When the dueling was finished and we were ready to go, the gentlemen of the Prussian Corps to whom we had been introduced took off their caps in the courteous German way, and also shook hands; their brethren of the same order took off their caps and bowed, but without shaking hands; the gentlemen of the other corps treated us just as they would have treated white caps – they fell apart, apparently unconsciously, and left us an unobstructed pathway, but did not seem to see us or know we were there. If we had gone thither the following week as guests of another corps, the white caps, without meaning any offense, would have observed the etiquette of their order and ignored our presence.
[How strangely are comedy and tragedy blended in this life! I had not been home a full half-hour, after witnessing those playful sham-duels, when circumstances made it necessary for me to get ready immediately to assist personally at a real one – a duel with no effeminate limitation in the matter of results, but a battle to the death. An account of it, in the next Chapter, will show the reader that duels between boys, for fun, and duels between men in earnest, are very different affairs.]
Chapter VIII
The Great French Duel
Much as the modern French duel is ridiculed by certain smart people, it is in reality one of the most dangerous institutions of our day. Since it is always fought in the open air, the combatants are nearly sure to catch cold. M. Paul de Cassagnac, the most inveterate of the French duelists, had suffered so often in this way that he is at last a confirmed invalid; and the best physician in Paris has expressed the opinion that if he goes on dueling for fifteen or twenty years more – unless he forms the habit of fighting in a comfortable room where damps and draughts cannot intrude – he will eventually endanger his life. This ought to moderate the talk of those people who are so stubborn in maintaining that the French duel is the most health-giving of recreations because of the open-air exercise it affords. And it ought also to moderate that foolish talk about French duelists and socialist-hated monarchs being the only people who are immoral.
But it is time to get at my subject. As soon as I heard of the late fiery outbreak between M. Gambetta and M. Fourtou in the French Assembly, I knew that trouble must follow. I knew it because a long personal friendship with M. Gambetta revealed to me the desperate and implacable nature of the man. Vast as are his physical proportions, I knew that the thirst for revenge would penetrate to the remotest frontiers of his person.

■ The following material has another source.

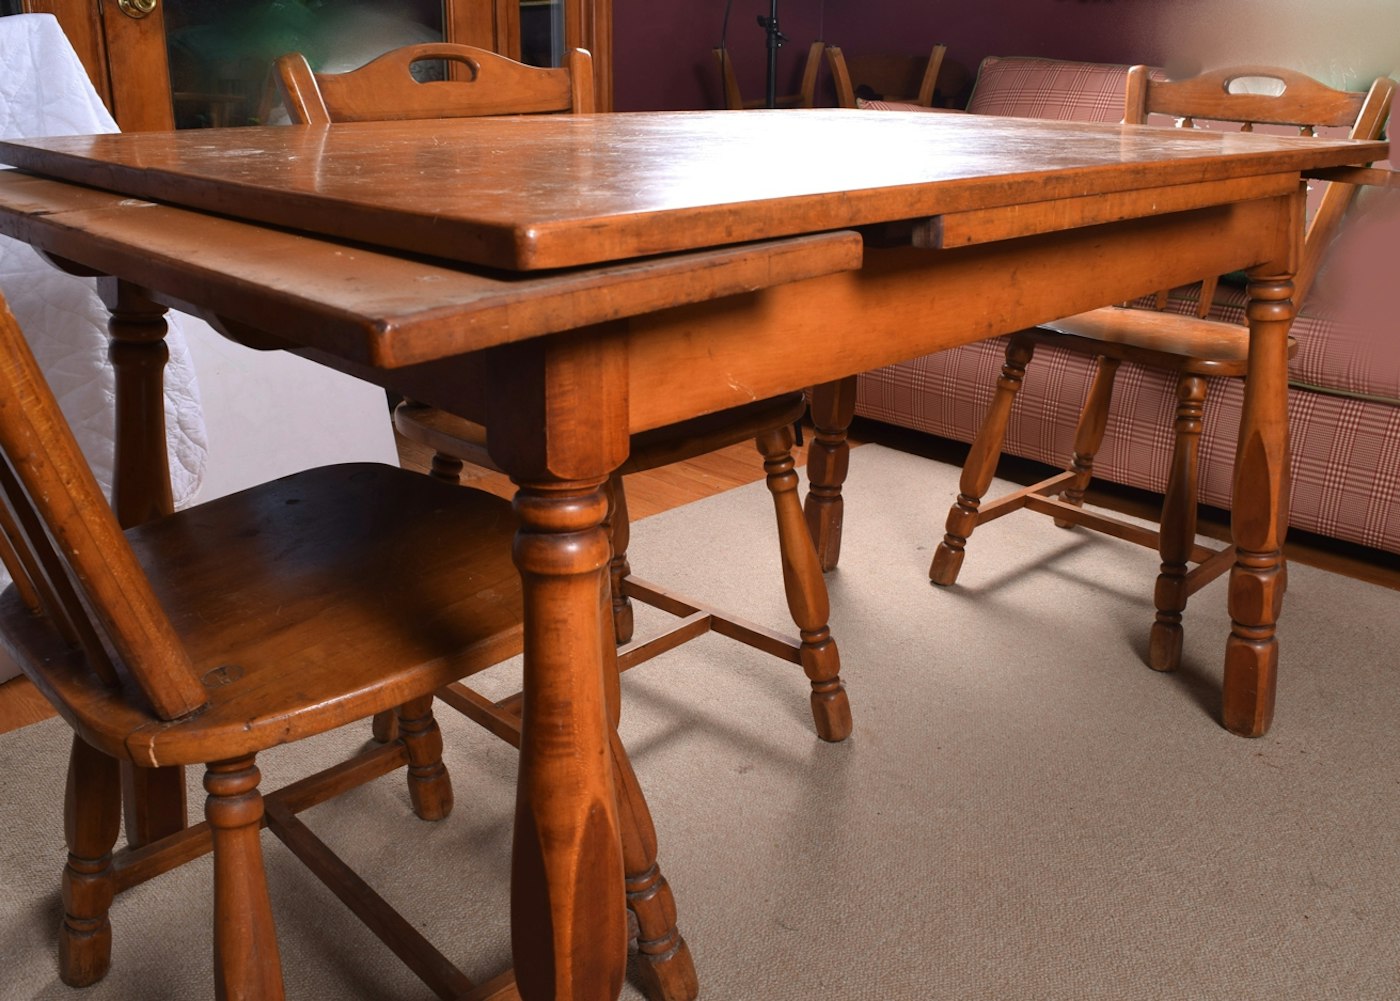 1940 maple kitchen table

I did not wait for him to call on me, but went at once to him. As I had expected, I found the brave fellow steeped in a profound French calm. I say French calm, because French calmness and English calmness have points of difference.
He was moving swiftly back and forth among the debris of his furniture, now and then staving chance fragments of it across the room with his foot; grinding a constant grist of curses through his set teeth; and halting every little while to deposit another handful of his hair on the pile which he had been building of it on the table.
5
They have to borrow the arms because they could not get them elsewhere or otherwise. As I understand it, the public authorities, all over Germany, allow the five Corps to keep swords, but do not allow them to use them. This is law is rigid; it is only the execution of it that is lax.